- Prostate cancer
Prostate cancer affects the prostate gland, the gland that produces some of the fluid in semen and plays a role in urine control in men.
The prostate gland is located below the bladder and in front of the rectum.
Regular testing is crucial as the cancer needs to be diagnosed before metastasis.
Fast facts on prostate cancer:
• The prostate gland is part of the male reproductive system.
• Prostate cancer is the most common cancer in men.
• It is treatable if diagnosed early, before it spreads.
• If symptoms appear, they include problems with urination.
• Regular screening Is the best way to detect it in good time.
Prostate cancer is the most common cancer affecting men.
There are usually no symptoms during the early stages of prostate cancer. However, if symptoms do appear, they usually involve one or more of the following:
• frequent urges to urinate, including at night
• difficulty commencing and maintaining urination
• blood in the urine
• painful urination and, less commonly, ejaculation
• difficulty achieving or maintaining an erection may be difficult
Advanced prostate cancer can involve the following symptoms:
• bone pain, often in the spine, femur, pelvis, or ribs
• bone fractures
Prostatitis is inflammation of the prostate gland. The inflammation can be due to an infection as well as other various causes.
Prostatitis can be an acute illness or a chronic condition, The NIH consensus definition and classification of prostatitis is:
Acute bacterial prostatitis: Caused by a bacterial infection and it typically starts suddenly and may include flu-like symptoms. It is the least common of the four types of prostatitis.
Chronic bacterial prostatitis: Described by recurrent bacterial infections of the prostate gland. Between attacks, the symptoms might be minor or the patient may even be symptom free, however it can be difficult to treat successfully.

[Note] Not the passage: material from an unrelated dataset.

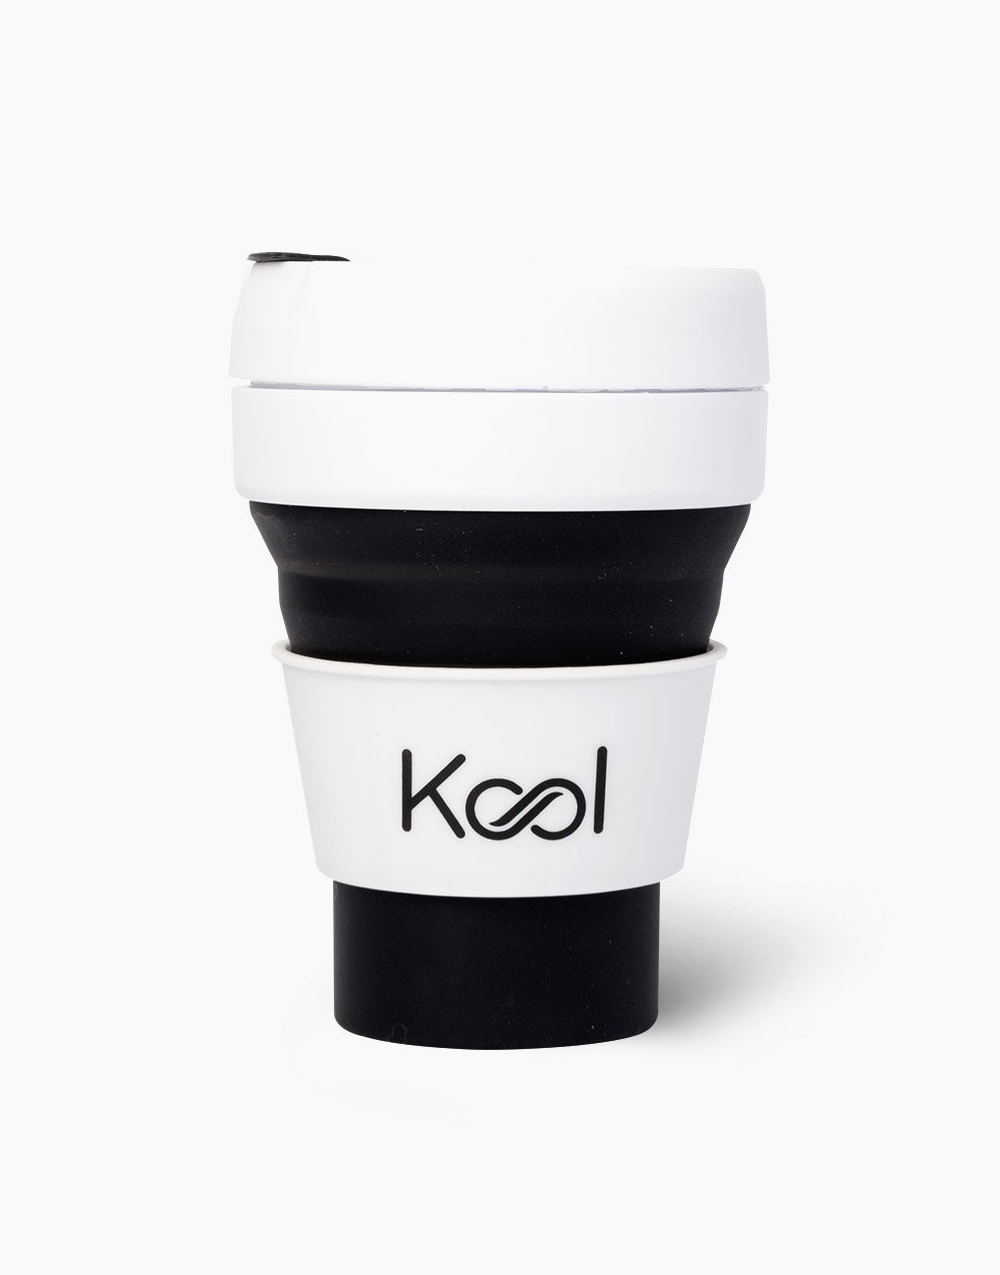 Kool Foldable Cup (355ml) by Kool | Midnight
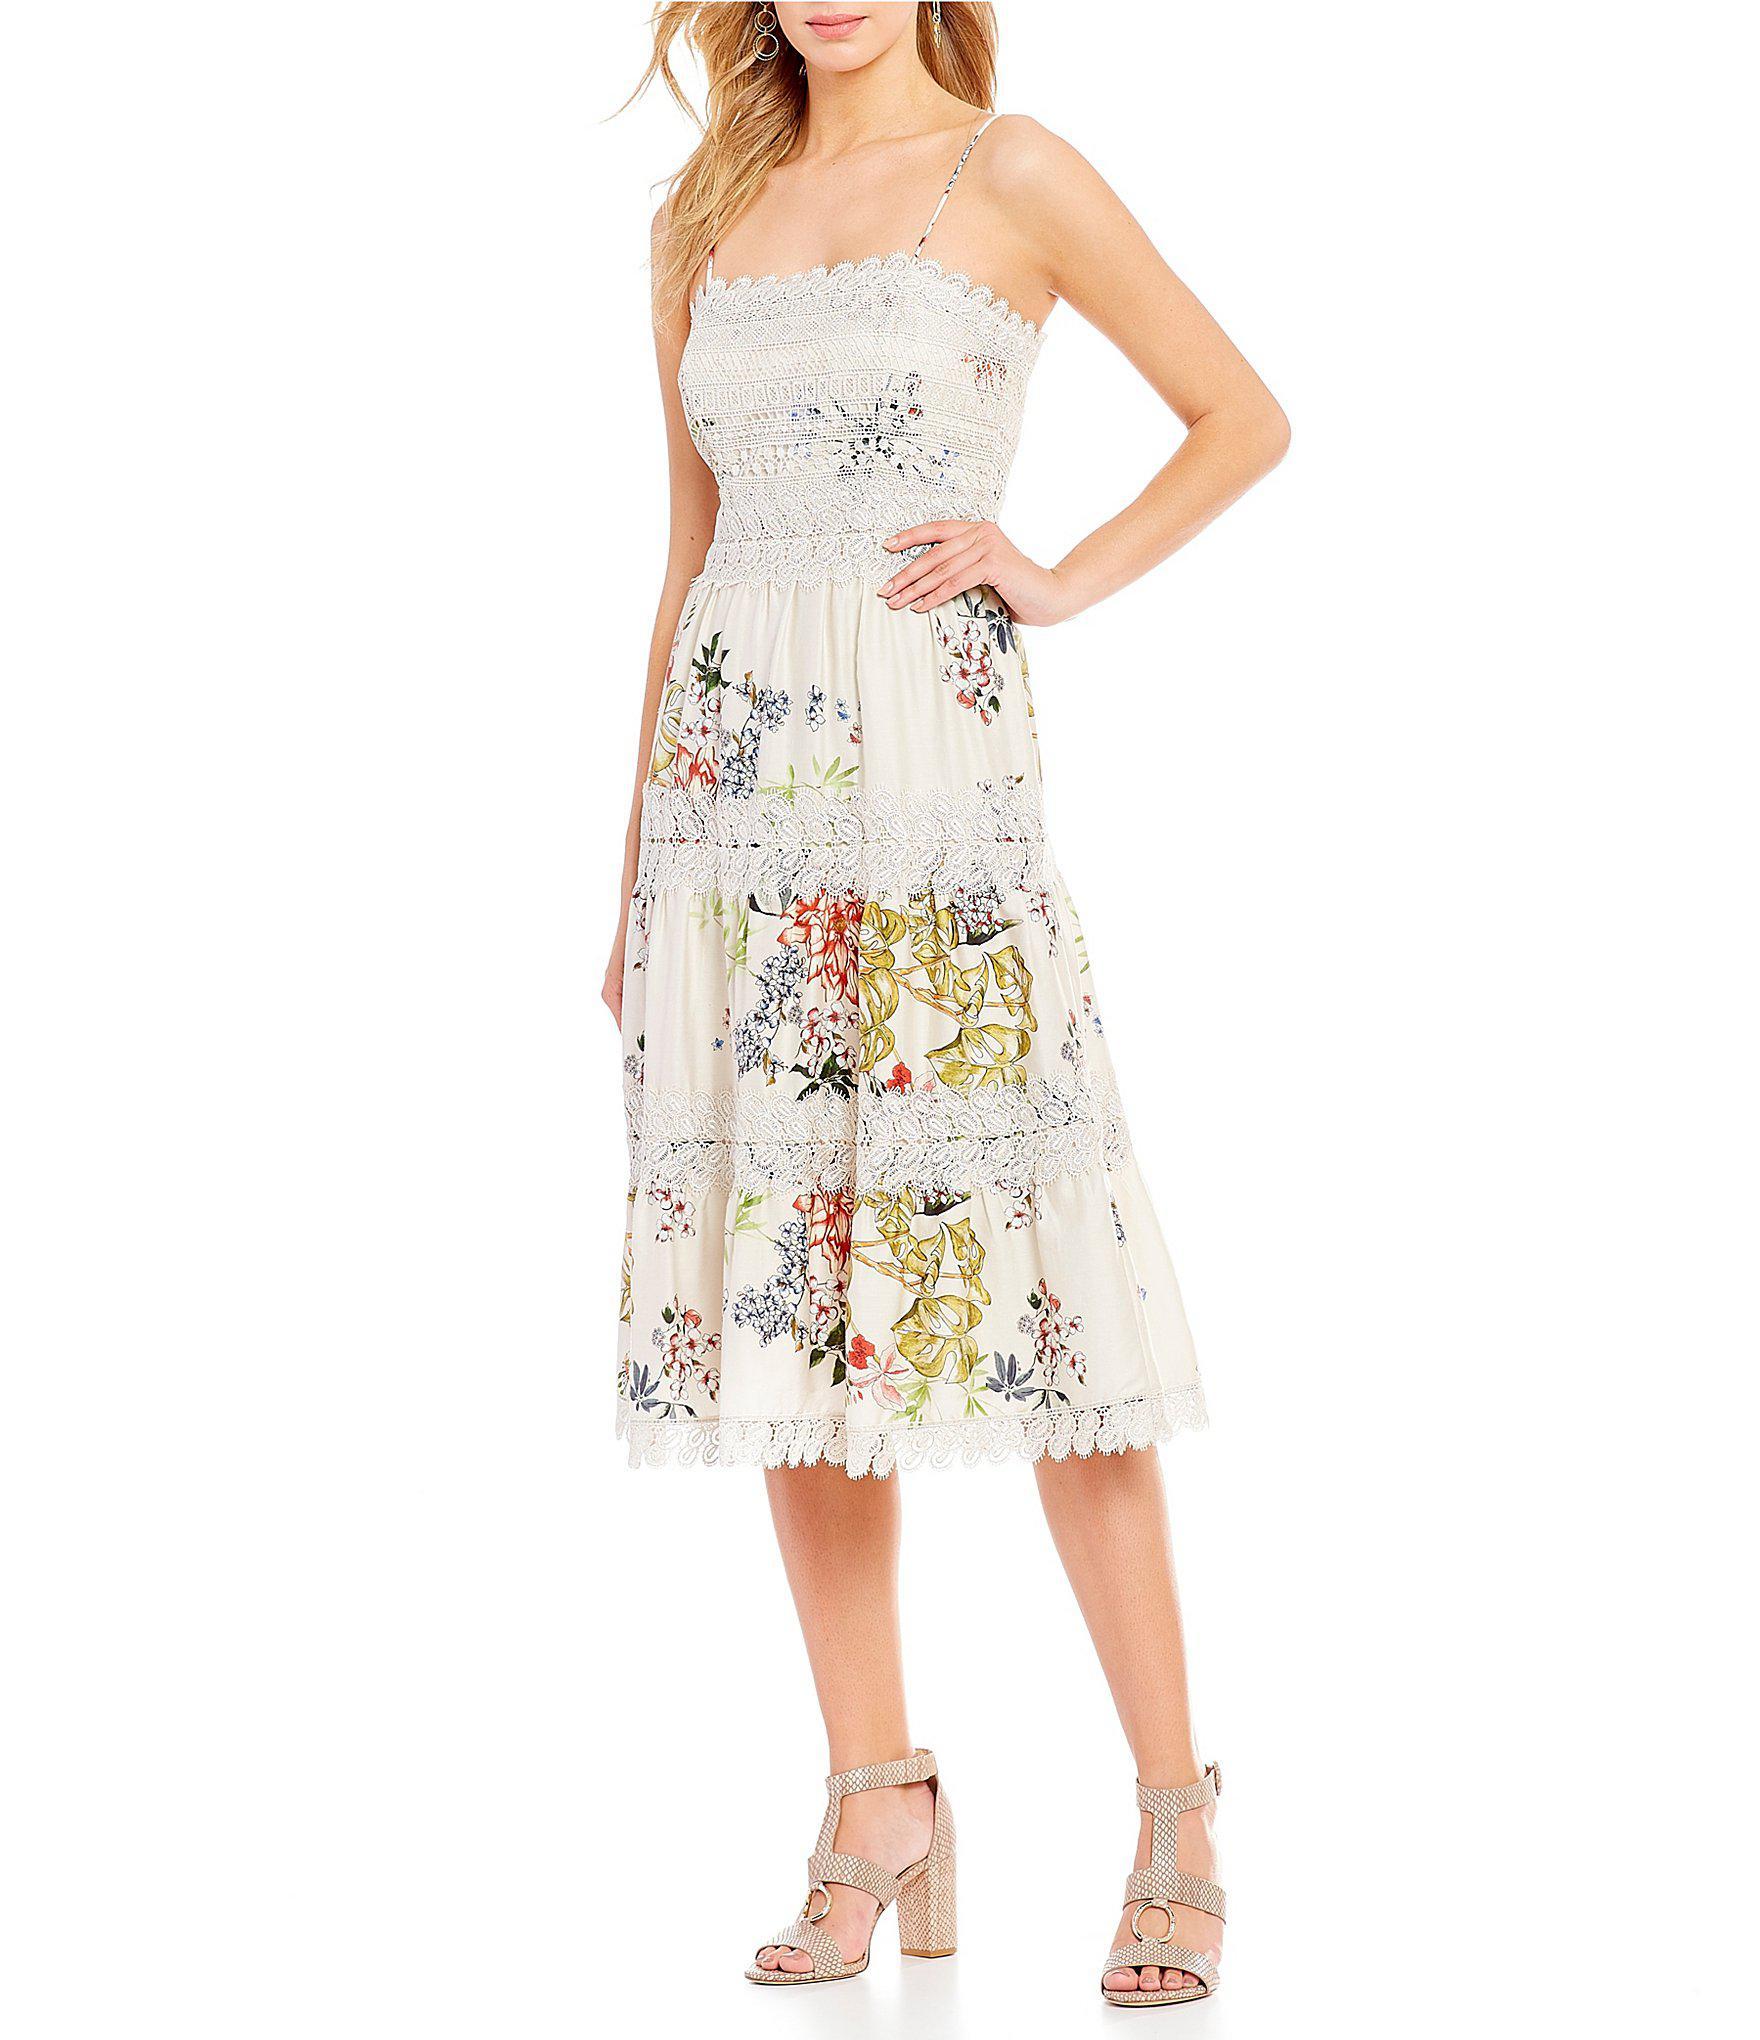 8a1bb758cc1ac Antonio Melani Edia Sateen Printed A-line Midi Dress - Lyst

Chronic prostatitis/chronic pelvic pain syndrome: Most cases of prostatitis fall into this category; however, it is the least understood. Chronic prostatitis/chronic pelvic pain syndrome can be described as inflammatory or noninflammatory, depending upon the presence or absence of infection-fighting cells in the urine, semen, and prostatic fluid. Often no specific cause can be identified. The symptoms can come and go or remain chronically.
Asymptomatic inflammatory prostatitis: This condition is often diagnosed incidentally during the work-up for infertility or prostate cancer. Individuals with this form of prostatitis will not complain of symptoms or discomfort, but they will have the presence of infection-fighting cells present in semen/prostatic fluid.
Urethritis is inflammation of the urethra. That's the tube that carries urine from the bladder to outside the body.
Pain with urination is the main symptom of urethritis. Urethritis is commonly due to infection by bacteria. It can typically be cured with antibiotics.
Most episodes of urethritis are caused by infection by bacteria that enter the urethra from the skin around the urethra's opening. Bacteria that commonly cause urethritis include:
• E. coli and other bacteria present in stool;
• Gonococcus, which is sexually transmitted and causes gonorrhea;
• Chlamydia trachomatis, which is sexually transmitted and causes chlamydia;
The herpes simplex virus (HSV-1 and HSV-2) can also cause urethritis. Trichomonas is another cause of urethritis. It is a single-celled organism that is sexually transmitted.
Sexually transmitted infections like gonorrhea and chlamydia are usually confined to the urethra. But they may extend into women's reproductive organs, causing pelvic inflammatory disease (PID).
In men, gonorrhea and chlamydia sometimes cause epididymitis, an infection of the epididymis, a tube on the outside of the testes. Both PID and epididymitis can lead to infertility.